Thursday, September 19, 2024

Google’s Hairy Mainstream Pickle

Who knew something stupid like “Rickrolling” would become such a problem for Google? Thanks to an Internet fad, Rick Astley’s one 1980’s hit “Never Gonna Give You Up” and video were played on YouTube 154 million times.

The royalties the song’s creators received from that sudden revival? About 16 bucks. The pittance they received was legal thanks to a licensing deal Google struck with the record company, a licensing deal Google refused to renew.

This problem echoes, of course, the fire Google is facing from news publishers, who claim Google devalues content and profits from doing so. The argument is also queerly duplicitous: Musicians, record companies, and news organizations don’t want Google to stop featuring their content, they just want a bigger piece of the online advertising pie.

Nick Carr, who’s been wrong about lots of stuff lately (Google making us stupid comes to mind), describes this crazy pickle as though the rules of pickle have been rewritten: the guy in the middle has all the power. Content creators need Google as a middleman even though the middleman destroys their ability to make money. (This theory, obviously, assumes that’s what is really happening: that content creators can’t make money with or without Google.)

But Carr’s picked the wrong pickle. What you might call the mainstream media is muscling for licensing deals while simultaneously demanding Google carry their content. While it’s true the exposure’s good for them and they need that exposure as the Internet (not Google) destroys their old business models, they’re strong-arming is forcing Google into an ever-tightening position. Why? Because Google can’t possibly strike licensing deals with every content creator operating on the Internet.

In the past upstarts were happy with the exposure Google gave them and it was a nice reciprocal relationship. Google indexed content and made it findable, and did it so well content creators jockeyed fiercely to be indexed and ranked highly. Though they complained when not ranked high enough that was the limit to their supposed entitlement. The “mainstream” is now seeking entitlement beyond free promotion, and by doing so is threatening not just Google’s middleman business but smaller content creators everywhere by ensuring preferable treatment.

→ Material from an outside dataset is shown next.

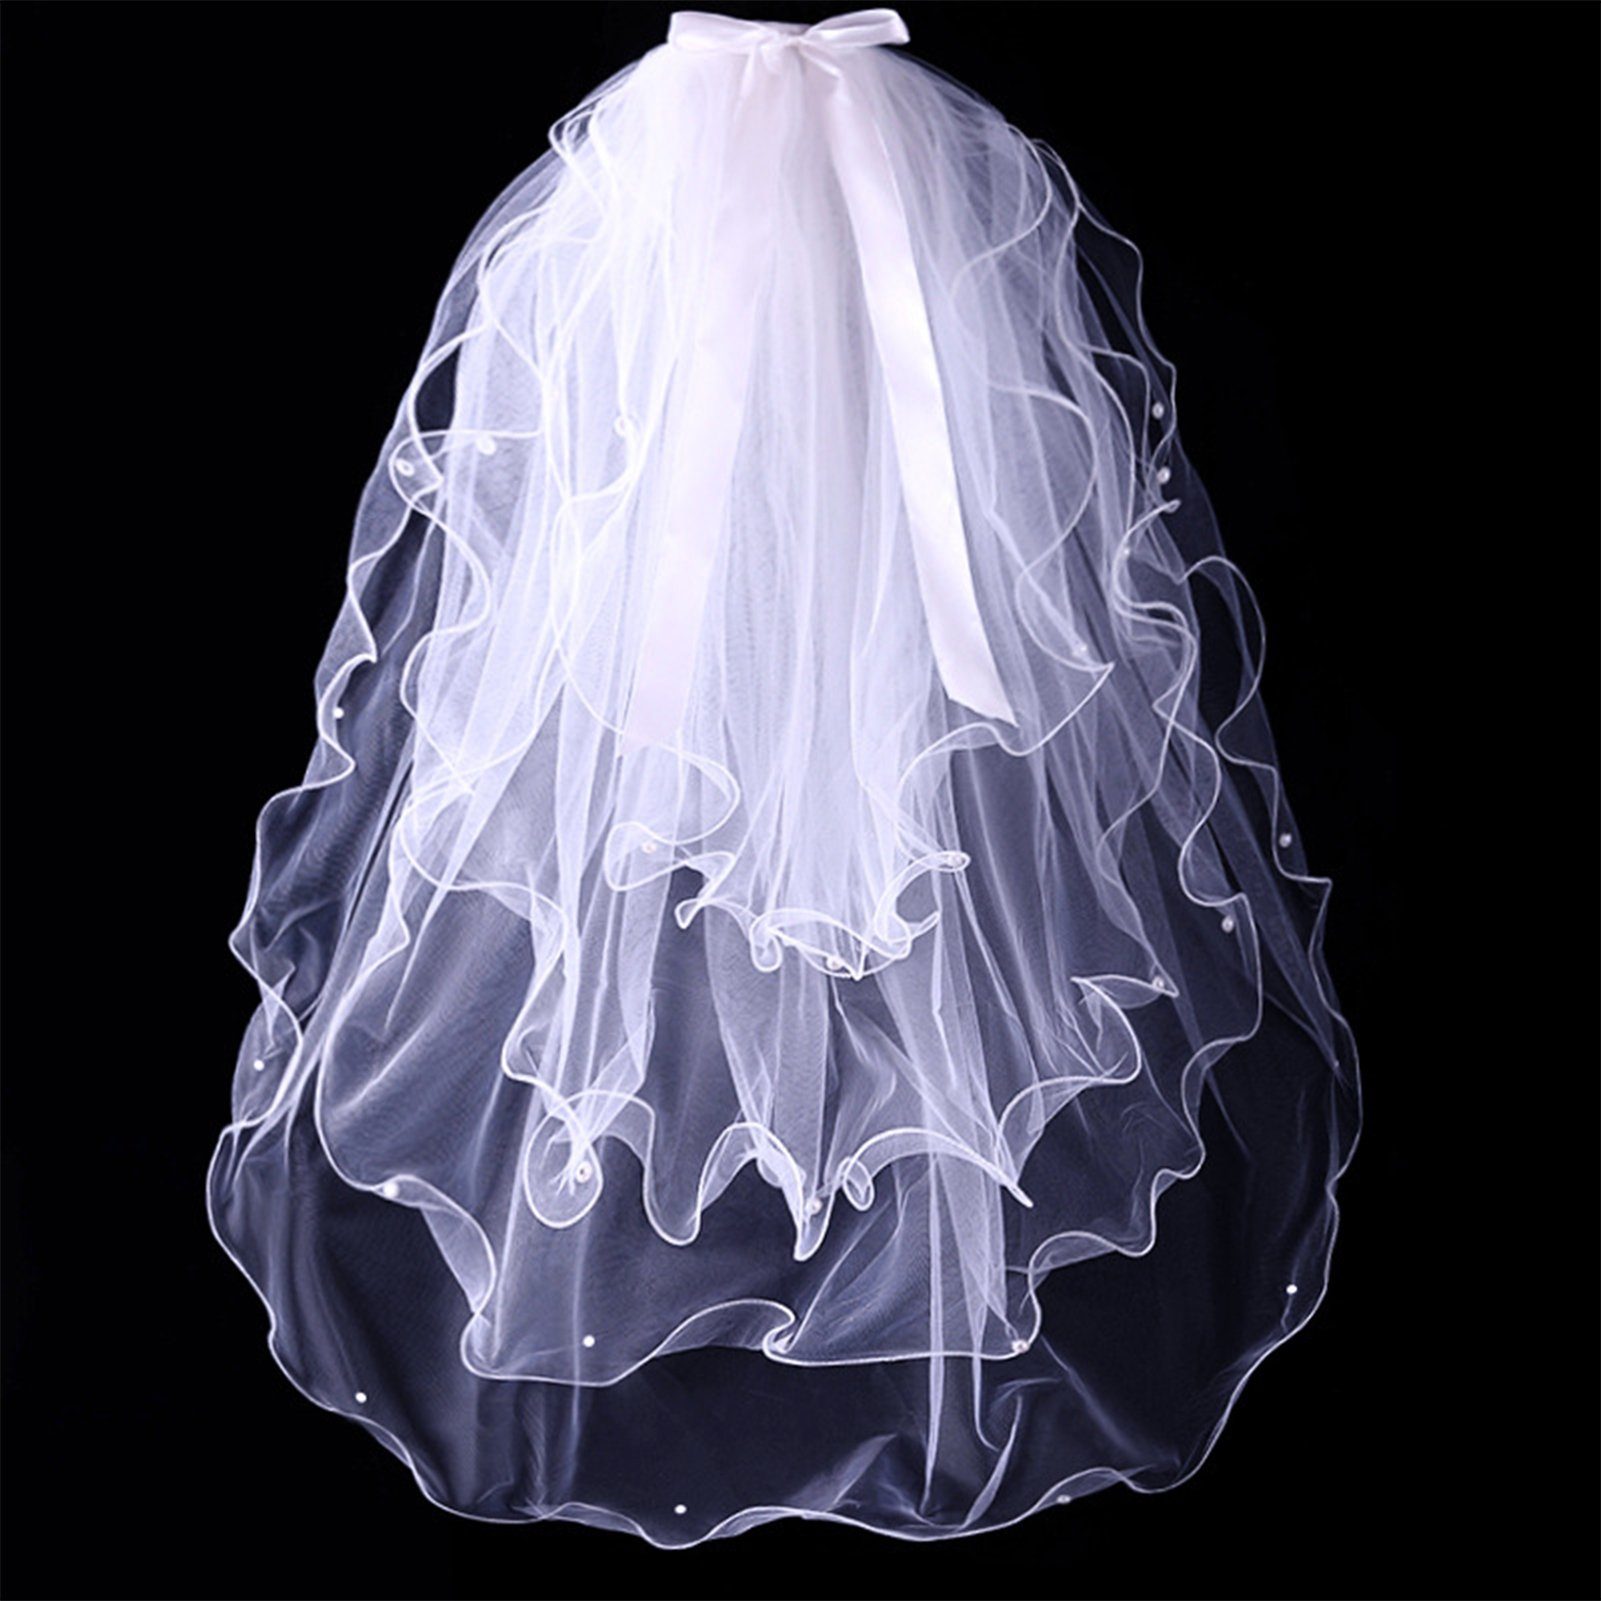 Perlen-Kurzschleier, Damen, Schleier Für Einfacher Hochzeitsschleier B Blusmart 4-stufiger white Brautschleier

And that makes it anticompetitive.

Google’s biggest mistake was forging licensing deals in the first place to avoid problematic litigation from big time players. Now leeches from all over are lining up for their cut of the action. It’s time Google started playing hardball to protect its own business model. One way it could do this is take this fair use argument to the Supreme Court and have the indexing, snippeting, and linking debate put to rest forever.

Or, Google could take the cheaper route by exercising the leverage it already has, the leverage the company has exercised on smaller outlets for years: delist from its index any media outlet demanding licensing deals. 

While that would seem a just reaction, if Google did so antitrust complaints would follow faster than you can say “monopoly.” The quest to index the world’s information becomes one hairy pickle indeed.